Hung-Chieh Lo1, Yu-Chun Wang, Li-Ting Su, Chi-Hsun Hsieh.   

Abstract

BACKGROUND: Gallbladder perforation is a rare but serious complication of cholecystitis. It was usually managed by percutaneous gallbladder drainage (PTGBD) followed by elective cholecystectomy. However, evidences are emerging that early laparoscopic cholecystectomy (LC) is still feasible under these conditions. We hypothesized that early LC may have comparable surgical results as to those of PTGBD + elective LC.

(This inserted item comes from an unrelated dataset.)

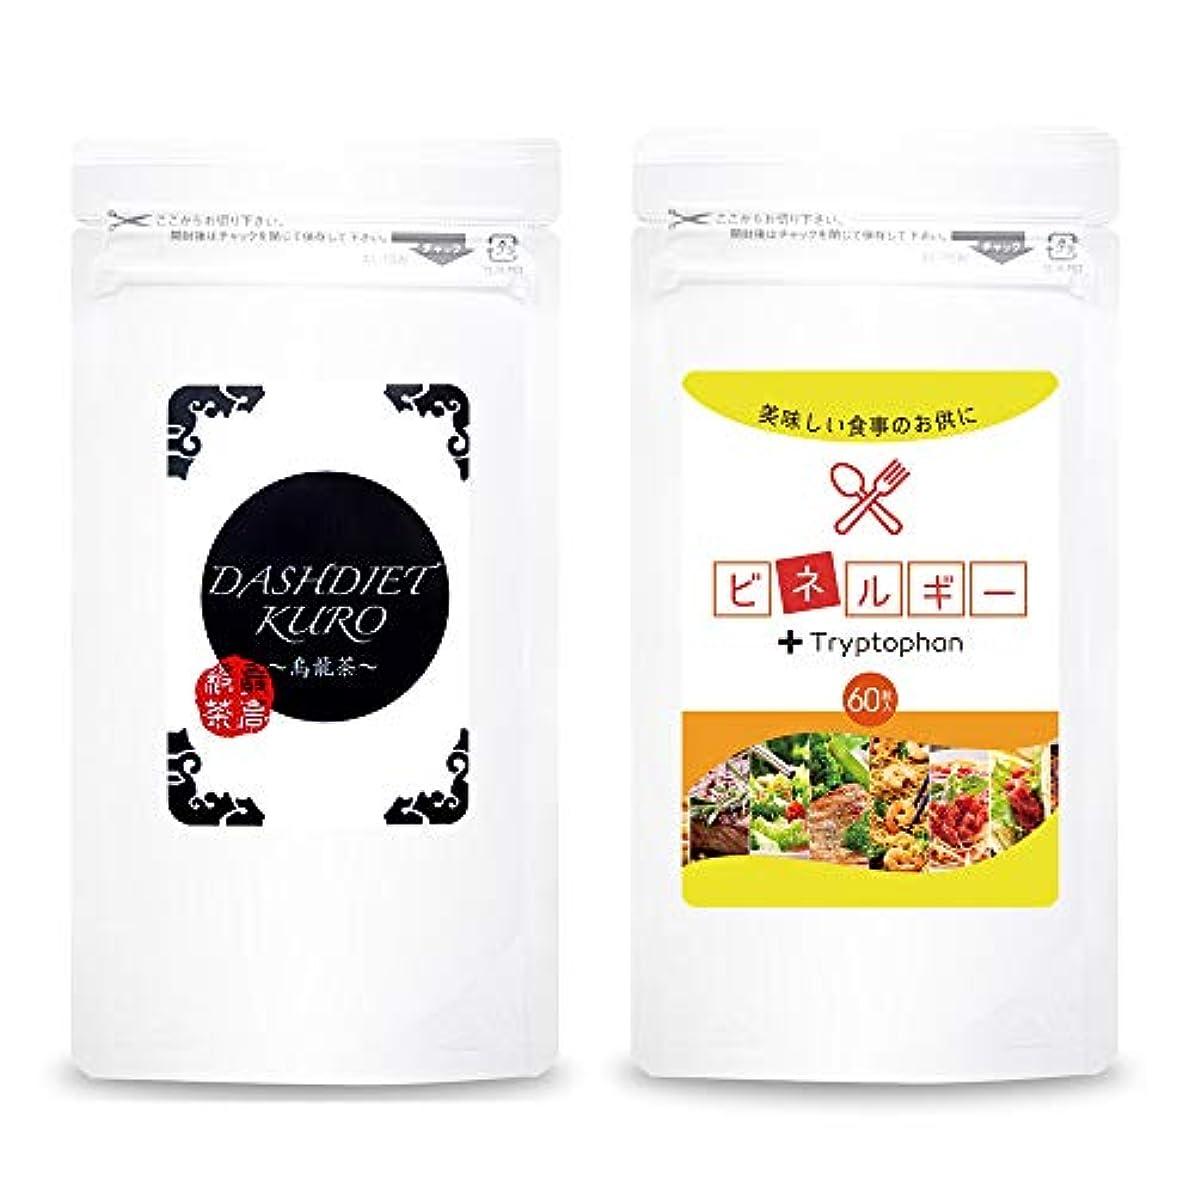 精査メアリアンジョーンズサークルビネルギー & DASHDIET-KURO烏龍茶 燃焼系 サプリメントセット 寝ている間に ダイエット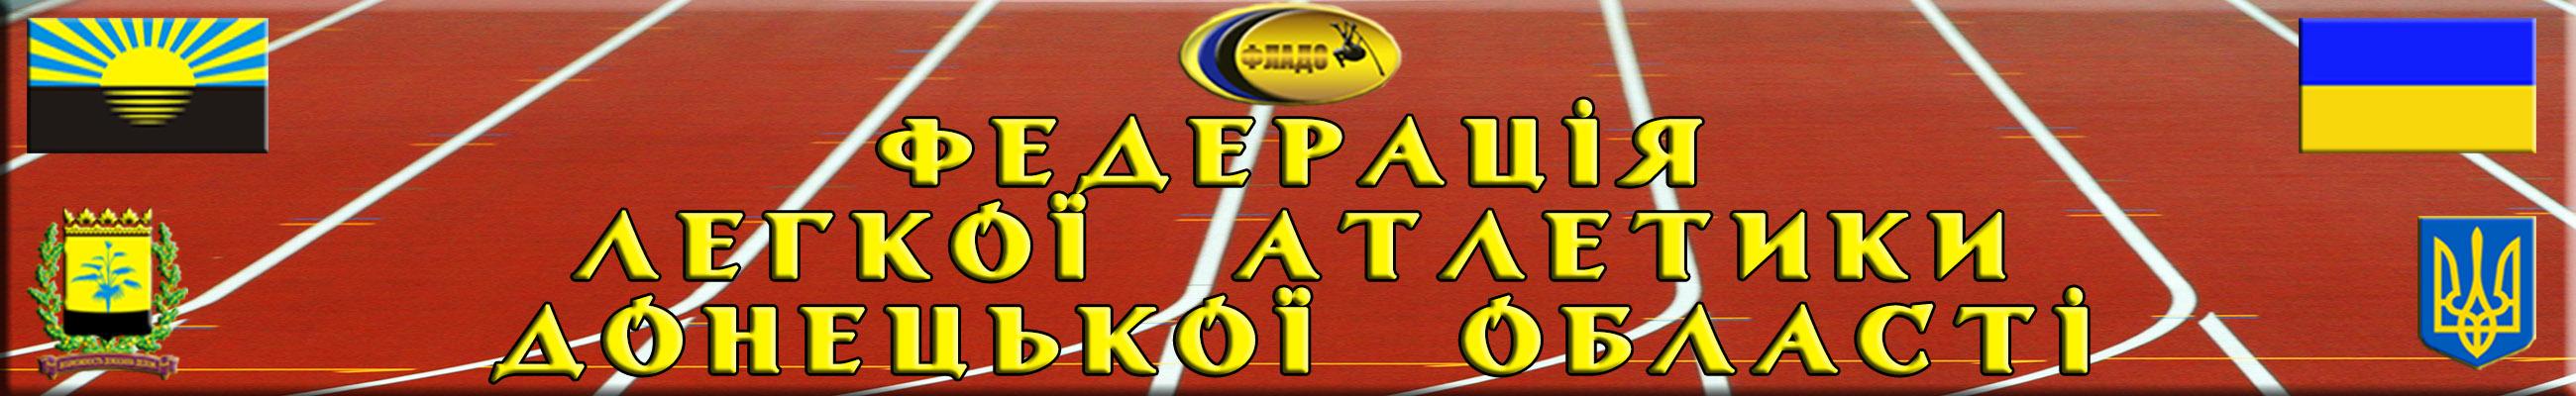 Федерація легкої атлетики Донецької області

MATERIAL AND METHODS: From January 2005 to October 2011, patients admitted to China Medical University Hospital with a diagnosis of perforated cholecystitis were retrospectively reviewed. The diagnosis of gallbladder perforation was made by image and/or intraoperative findings. Those patients who had unstable hemodynamics that were not fitted for general anesthesia or those who had concomitant major operations were excluded. Patients were divided into three groups: early open cholecystectomy (group 1), early LC (group 2), and PTGBD followed by elective LC (group 3). The demographic features, surgical results, and patient outcome were analyzed and compared between groups.
RESULTS: A total of 74 patients were included. All patients had similar demographic features except that patients in group 2 were younger (62 vs. 72 and 73.5 years) compared with group 1 and group 3 (p = 0.016). There were no differences in terms of operative time, blood loss, conversion, and complication rate between three groups. The length of hospital stay (LOS) was significant shorter in group 2 patients compared with that of groups 1 and 3.
CONCLUSIONS: Although PTGBD followed by elective LC was still the mainstay for the treatment of gallbladder perforation, early LC had comparable surgical outcomes as that of PTGBD + LC but with a significantly shorter LOS. Early LC should be considered the optimal treatment for gallbladder perforation, and PTGBD + LC can be preserved for those who carried a high risk of operation.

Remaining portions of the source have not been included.